### Dataset entries

==========

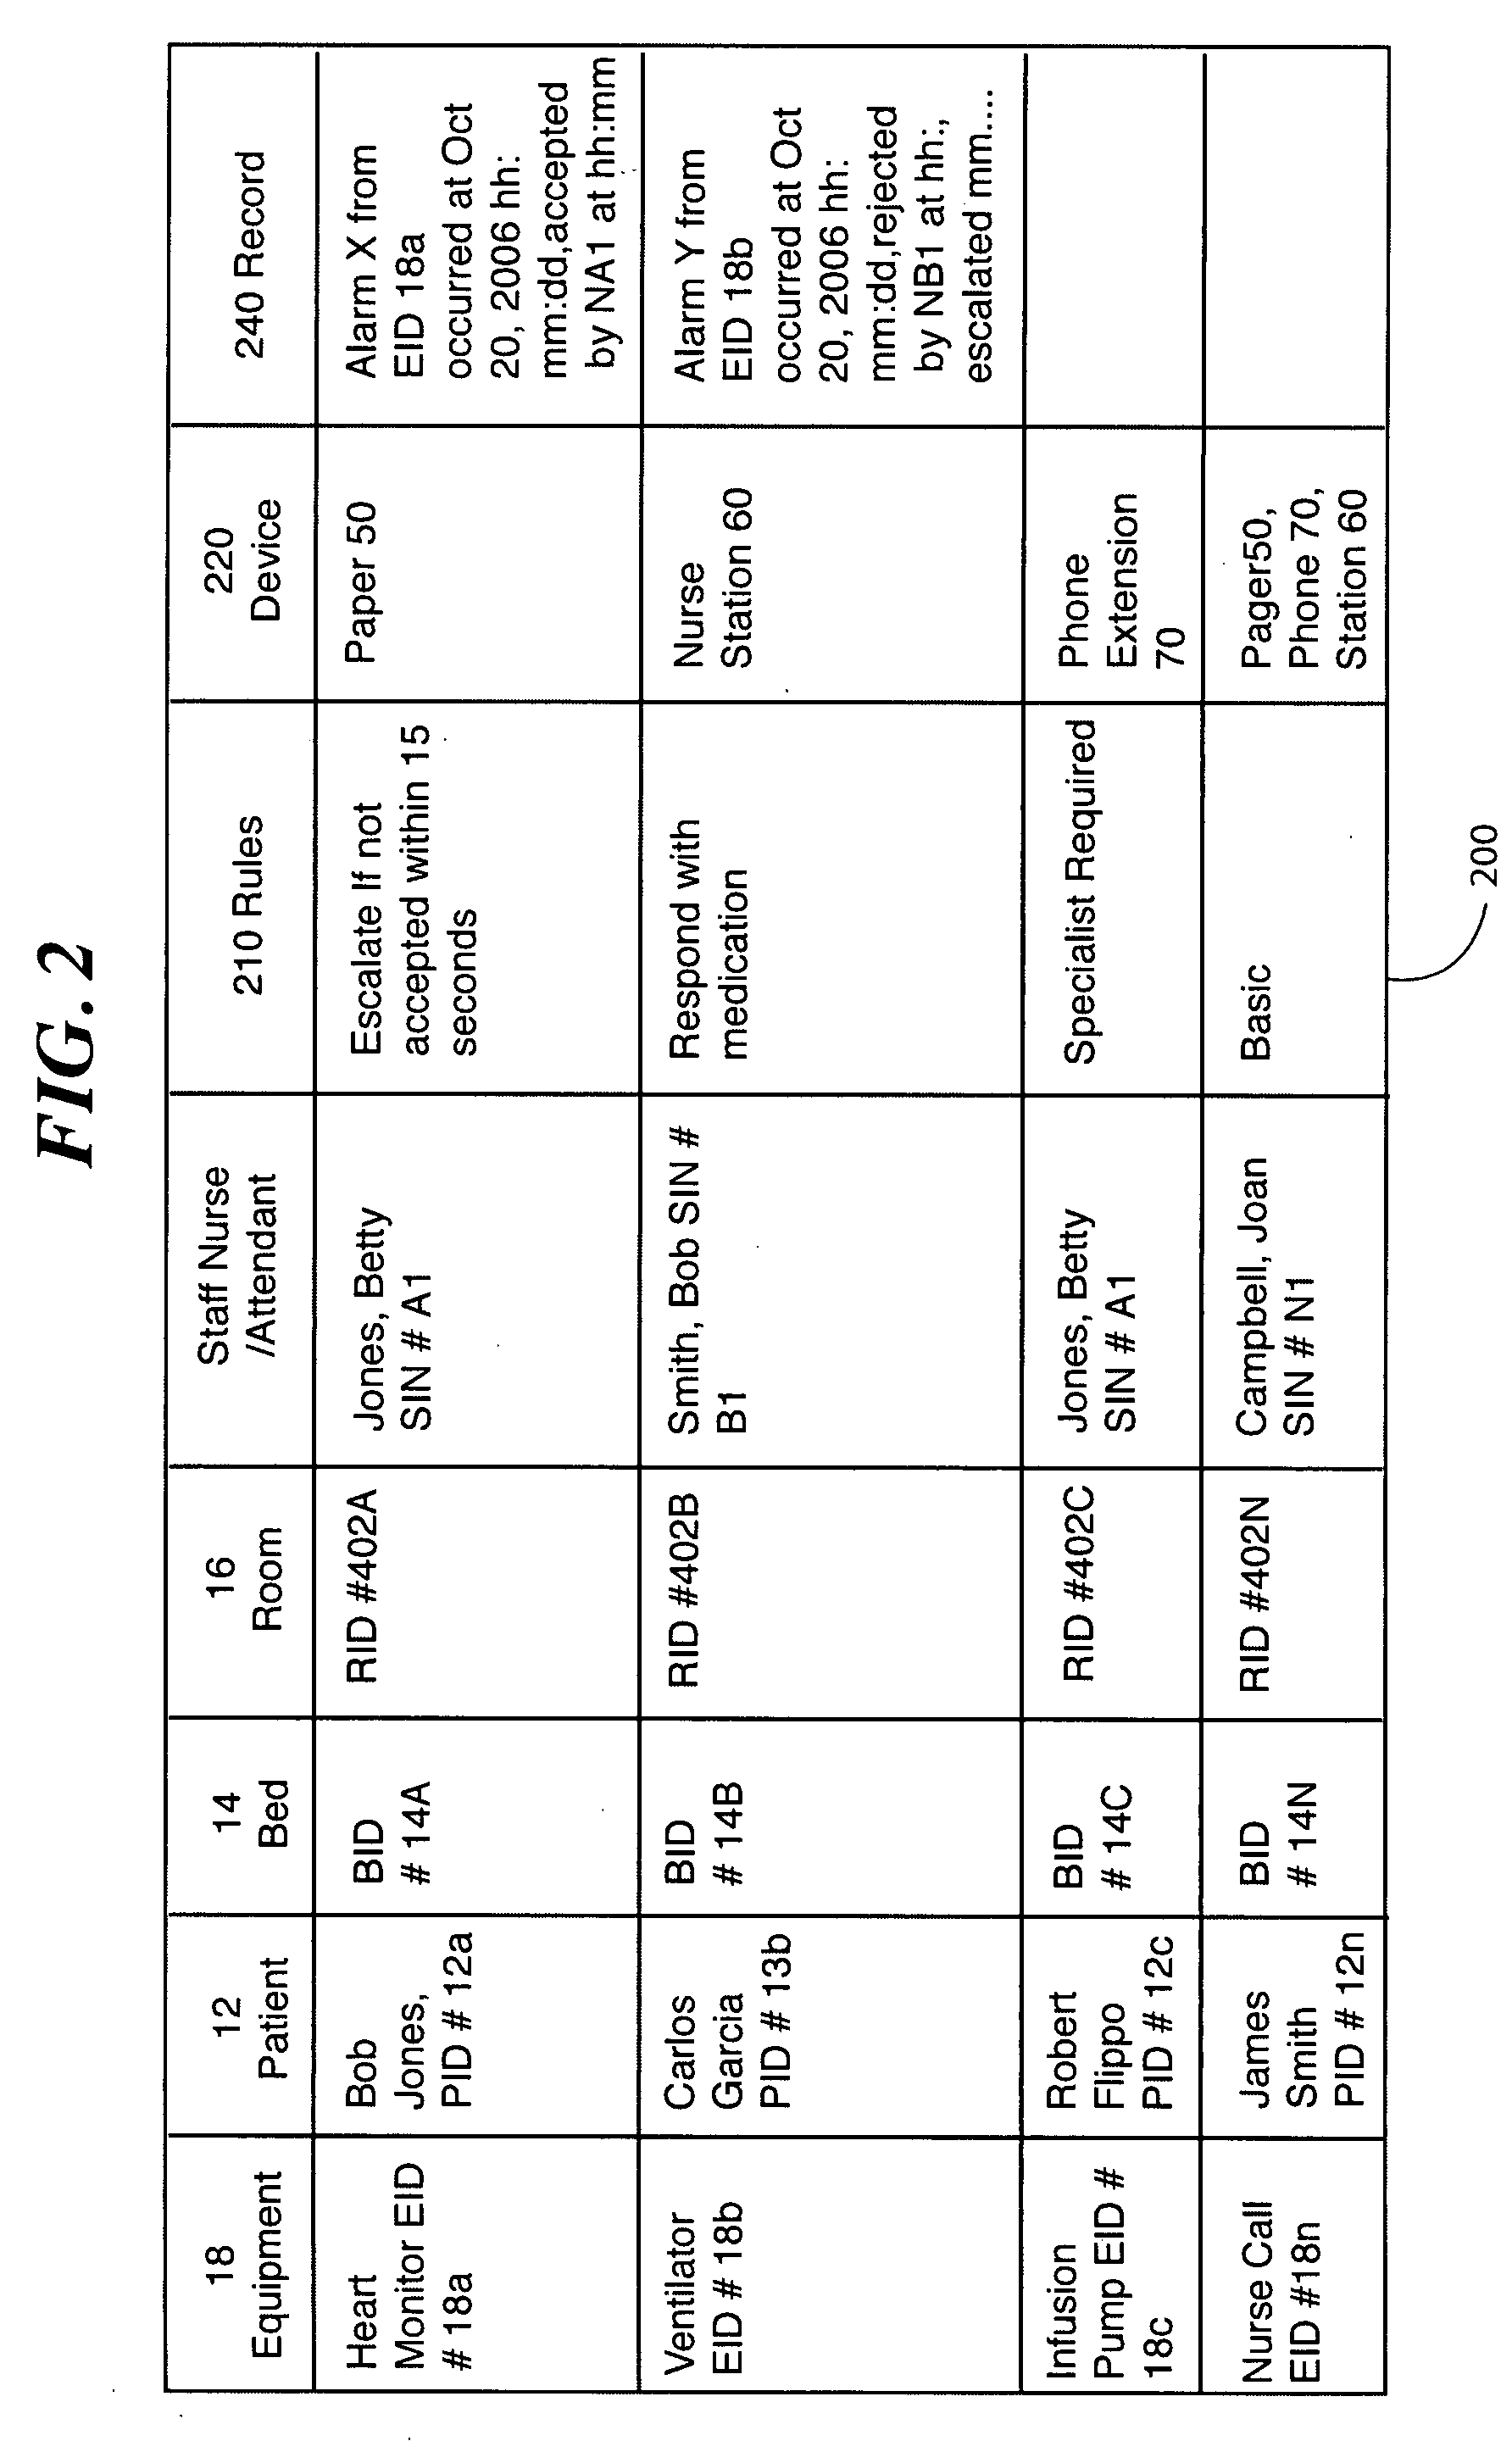 Method and system for medical alarm monitoring, reporting and normalization
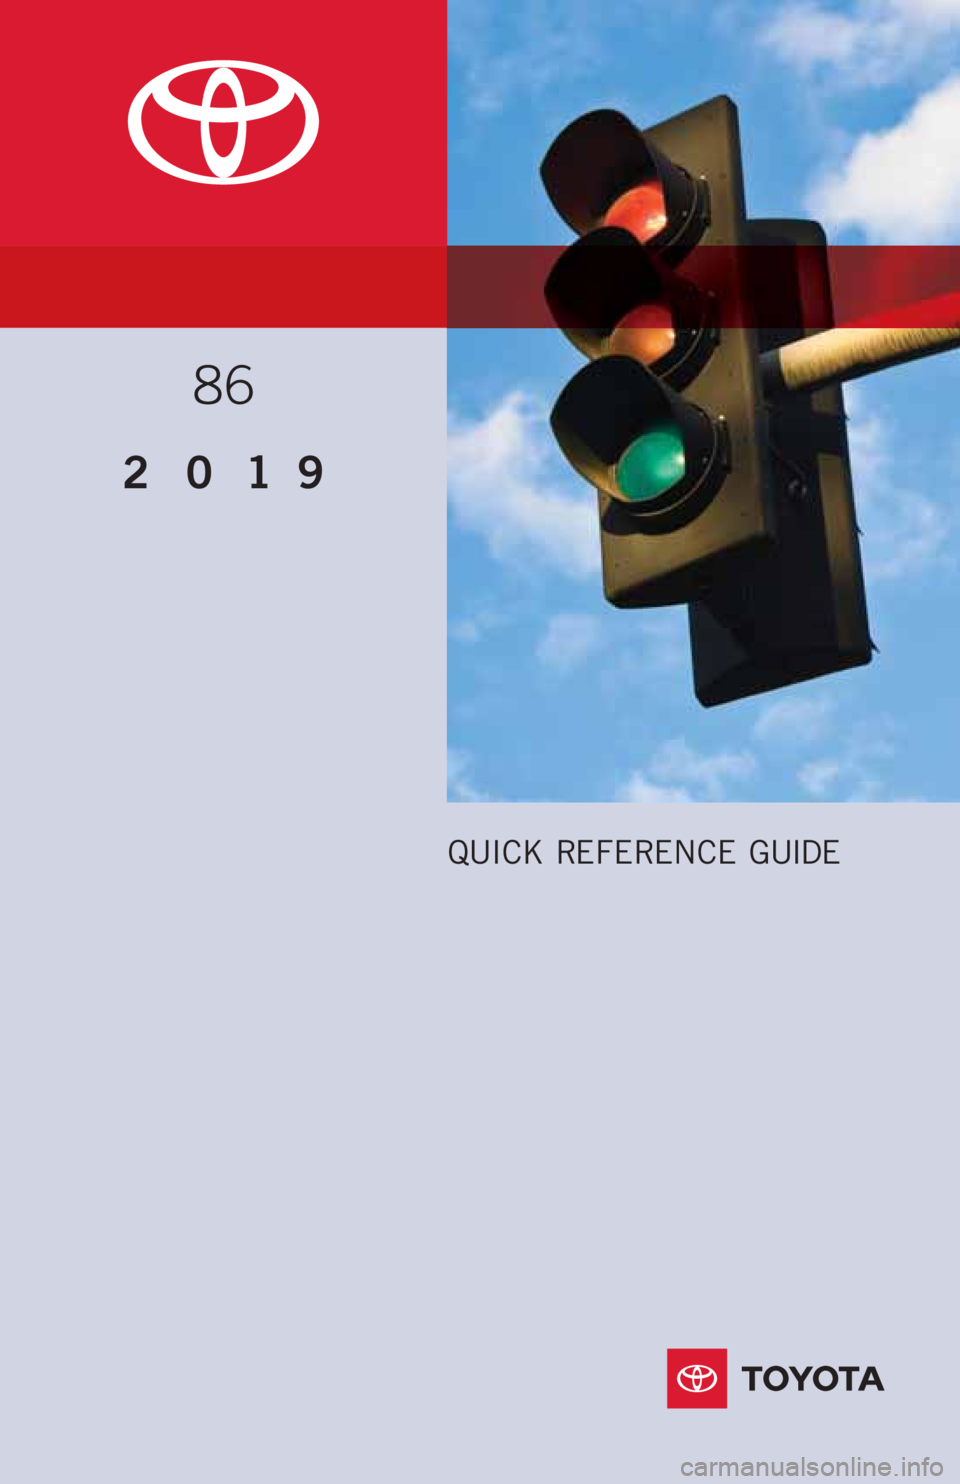 TOYOTA GT86 2019  Owners Manual (in English) 2019 
QUICK REFERENCE GUIDE
86 
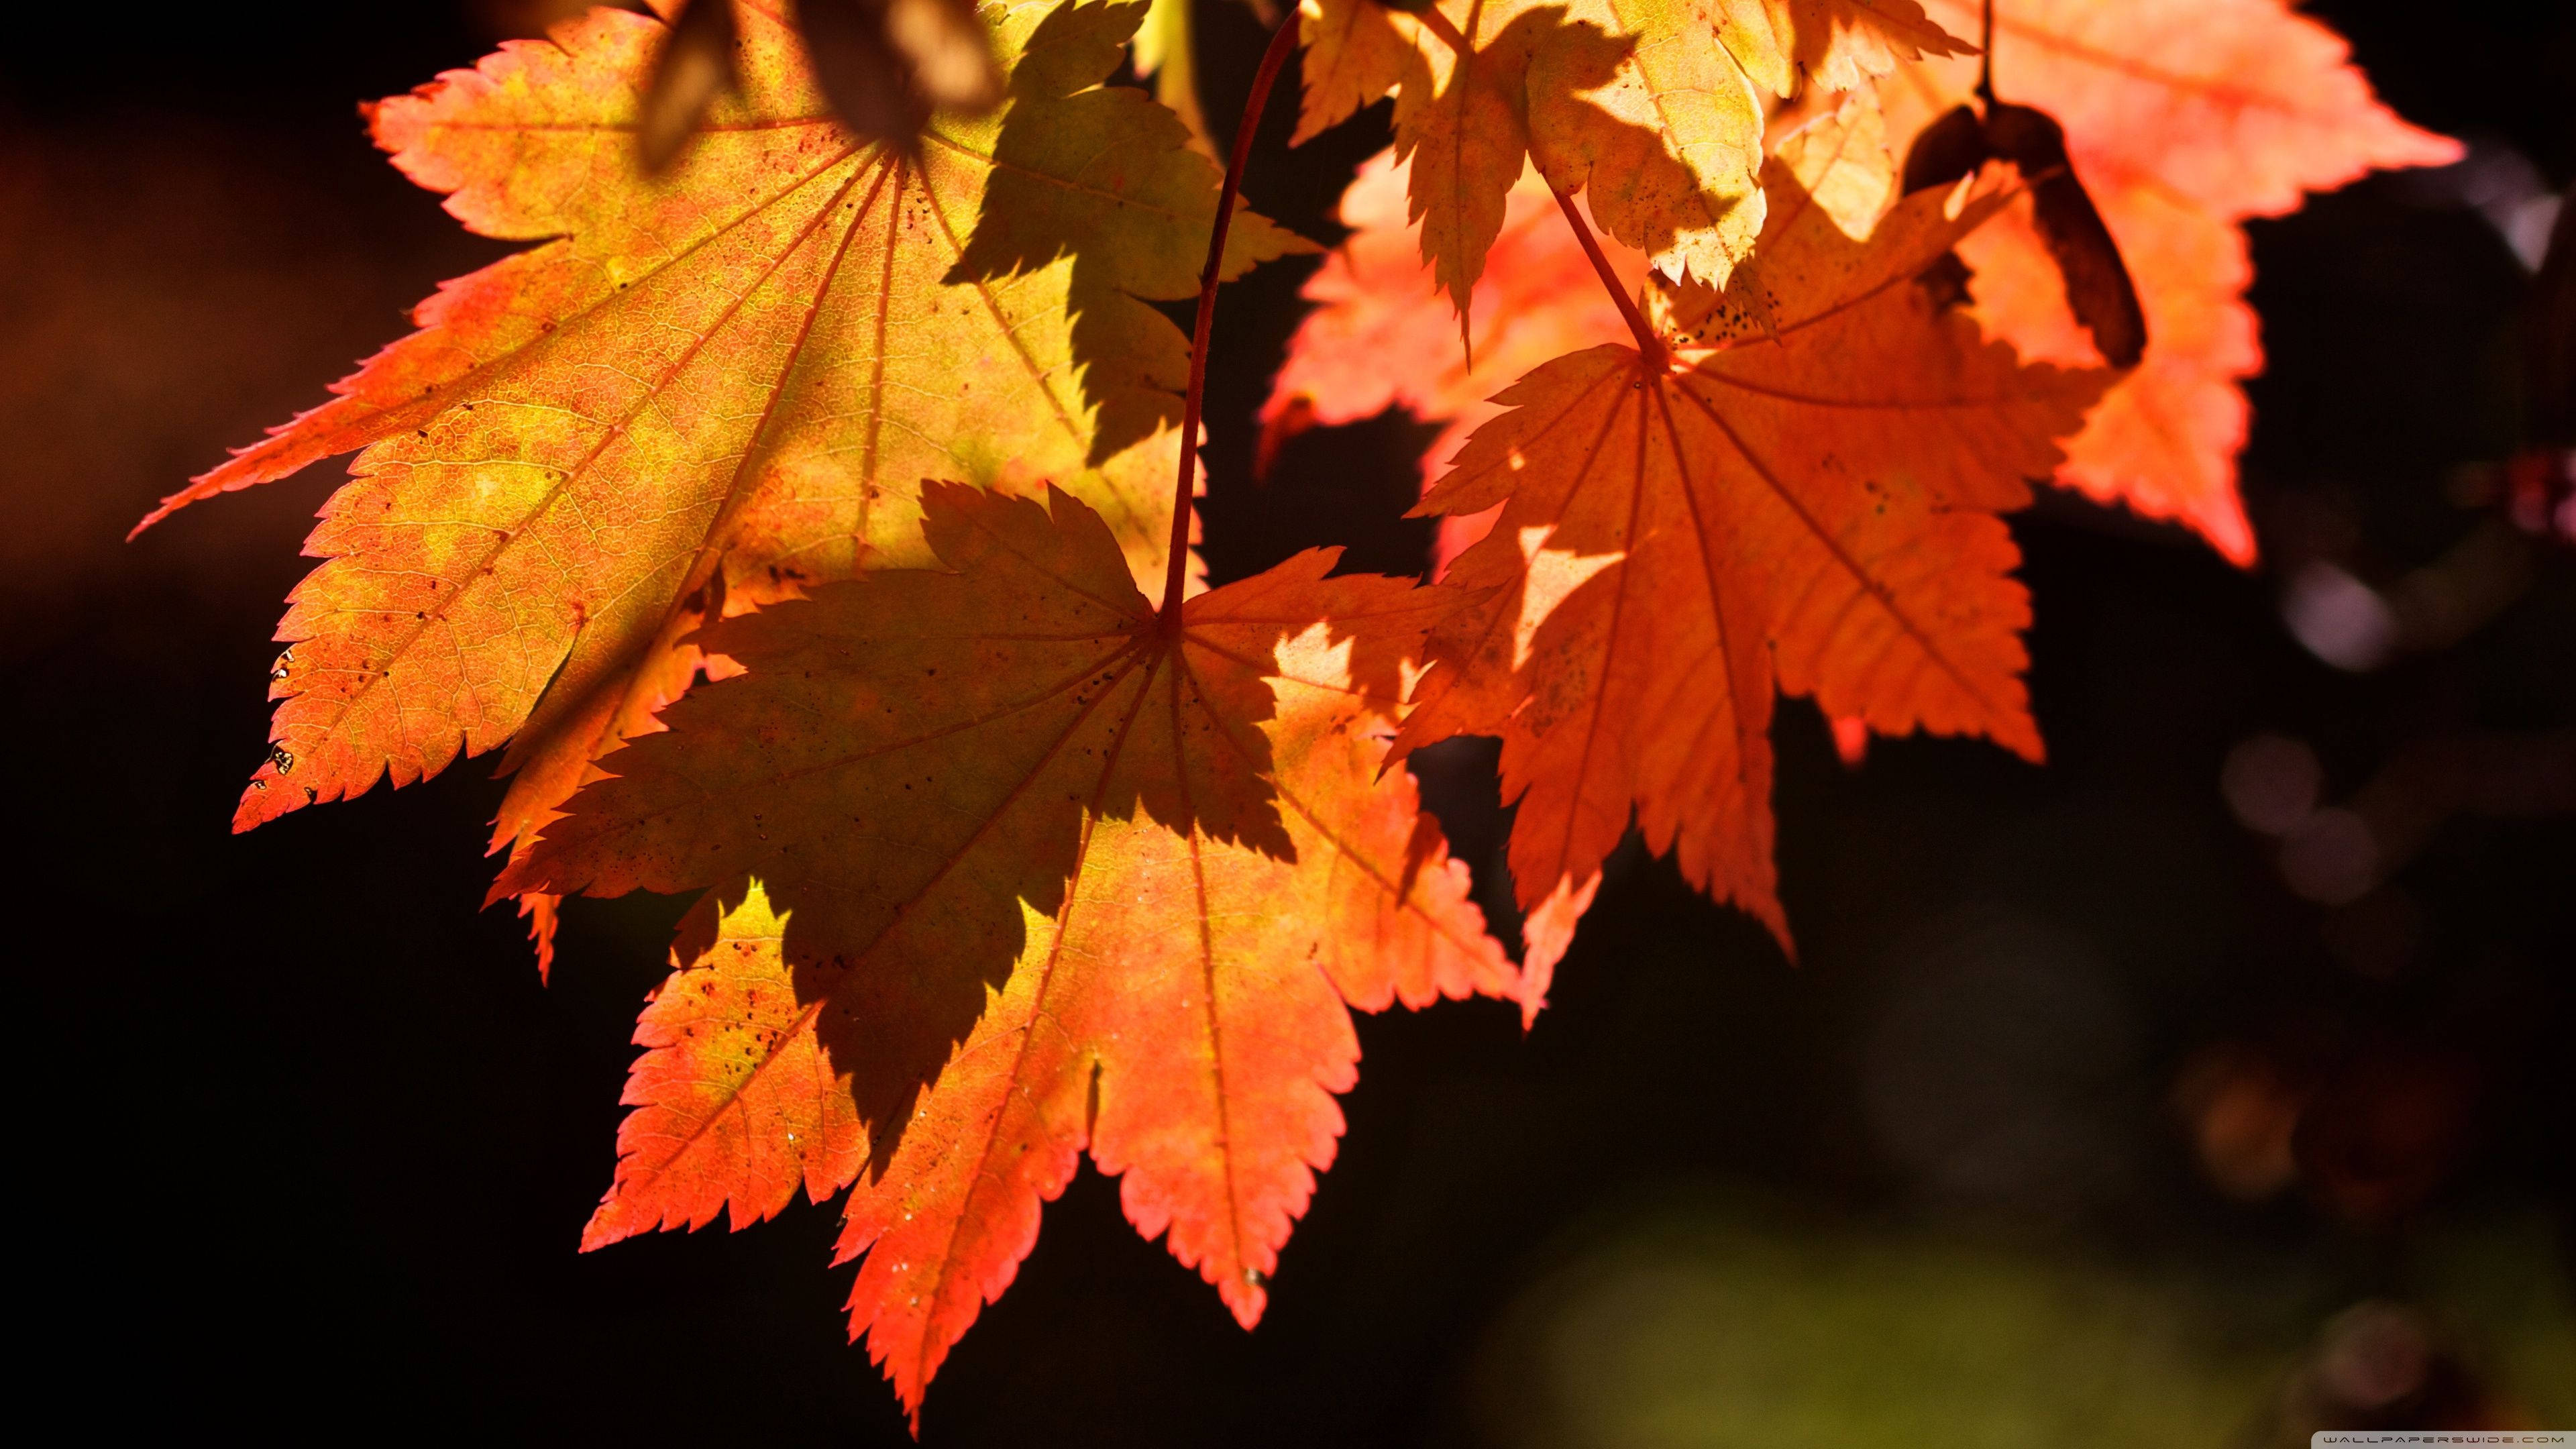 Download Autumn Red Maple Leaves Wallpaper

==========

### Task to complete
Repeat each entry precisely as it appears. Leave the pictures out.

### Reply to the exercise
 Method and system for medical alarm monitoring, reporting and normalization
 TOYOTA GT86 2019  Owners Manual (in English) 2019 
QUICK REFERENCE GUIDE
86 
 Download Autumn Red Maple Leaves Wallpaper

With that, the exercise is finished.